Willats put much of the onus on The 519 itself, saying the community centre had the power to deny Blair access for the reception.

“How hard would it have been to say to Blair, ‘Sorry, police can’t have the meeting here?’” she asked. “The 519 as an organization has some clout in this community.

“The 519 takes a position when it hosts police events.”

It should be noted, comments made by Lawless at the public consultation were in contrast to the tone of the statement released by The 519 a day after the tense standoff.
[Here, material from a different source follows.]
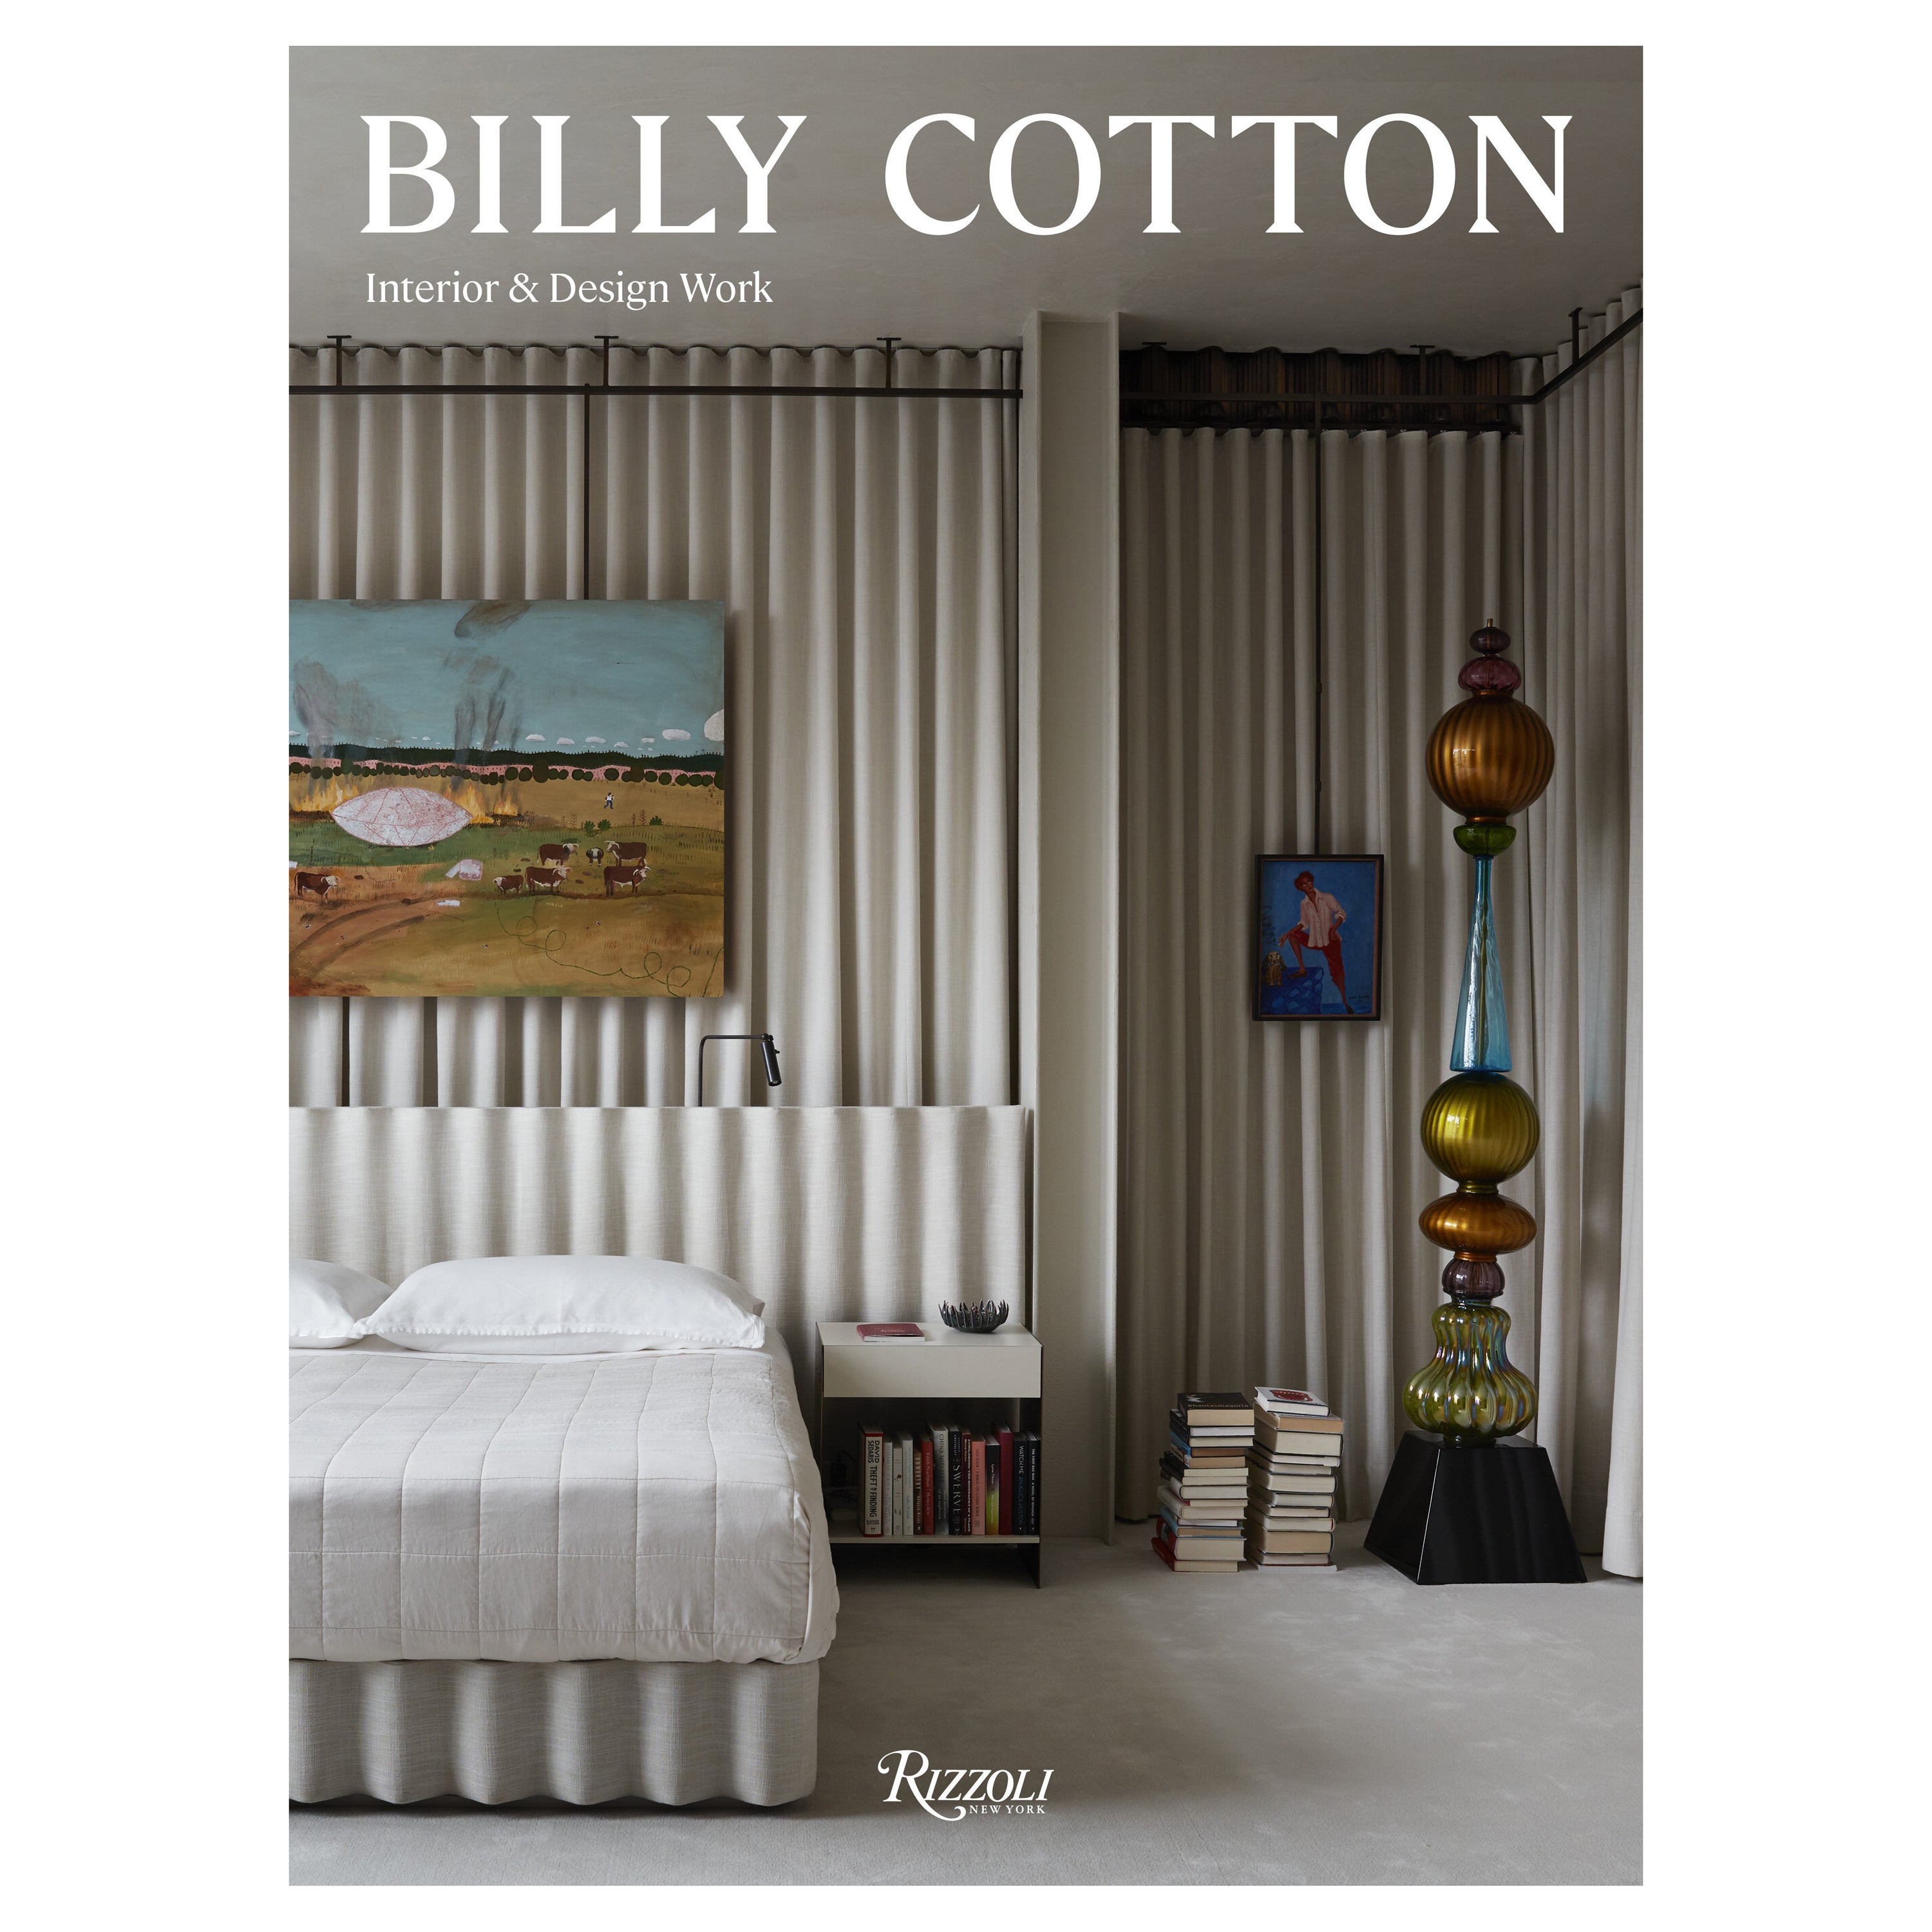 Billy Cotton Interior and Design Work

The release accused protesters of disturbing the centre yet absolved the police of any responsibility.

“If protesters plan to significantly disrupt a meeting or an event, they are expected to protest on the sidewalk in front of the building to ensure that The 519 is able to provide a community centre that is safe and respects the diversity of opinion and expression in our communities,” it read.

The release made no reference to police blocking the doors or Chief Bill Blair’s antagonism of the protesters.

Also at the consultation was Christopher Hudspeth, Church-Wellesley Village Business Improvement Area (CWVBIA) police liaison, who said the experience was frightening for him as well.

“I saw two hands try to grab an officer’s gun,” he said. “It was disturbing enough for me and gave me nightmares for weeks.”

During the confrontation at the police reception, Hudspeth was on the front lines, trying to temper the rising tension by taking on the role of security, said Casey Oraa, an activist with Queer Ontario.

At the end of the meeting, Lawless said The 519 will consider all the suggestions and recommendations and follow up with the public in about a month.

“As an organization, I’ll be frank: we’re not going to shut the door and never speak to police again,” she said.

Former Ward 27 candidate Susan Gapka said police left an indelible scar on the gay community that day.

“I felt under surveillance,” she said. “Even when I just went to the store to buy cat food. It took me a couple of weeks after the G20 before I was no longer scared when a police car drove by.

Dianne LaLonde said police simply don’t have enough training when it comes to the gay and trans community.

“My rights were infringed upon. It was horrendous,” she said. “I see no transparency from police. People were forcibly confined with handcuffs.”

Demchuk said Blair is no friend to the gay community. It was under his leadership that queer people were singled out, attacked, assaulted, made to feel unsafe in custody, and taken to Scarborough and told to walk home, he said

“We are still a community that is policed. We still feel that. This is not something overcome by dialogue. It is overcome by change,” he said. “We saw in one weekend how easily rights can be rolled back.

“People weren’t angry for no reason. There were very real reasons for people to be here that day.”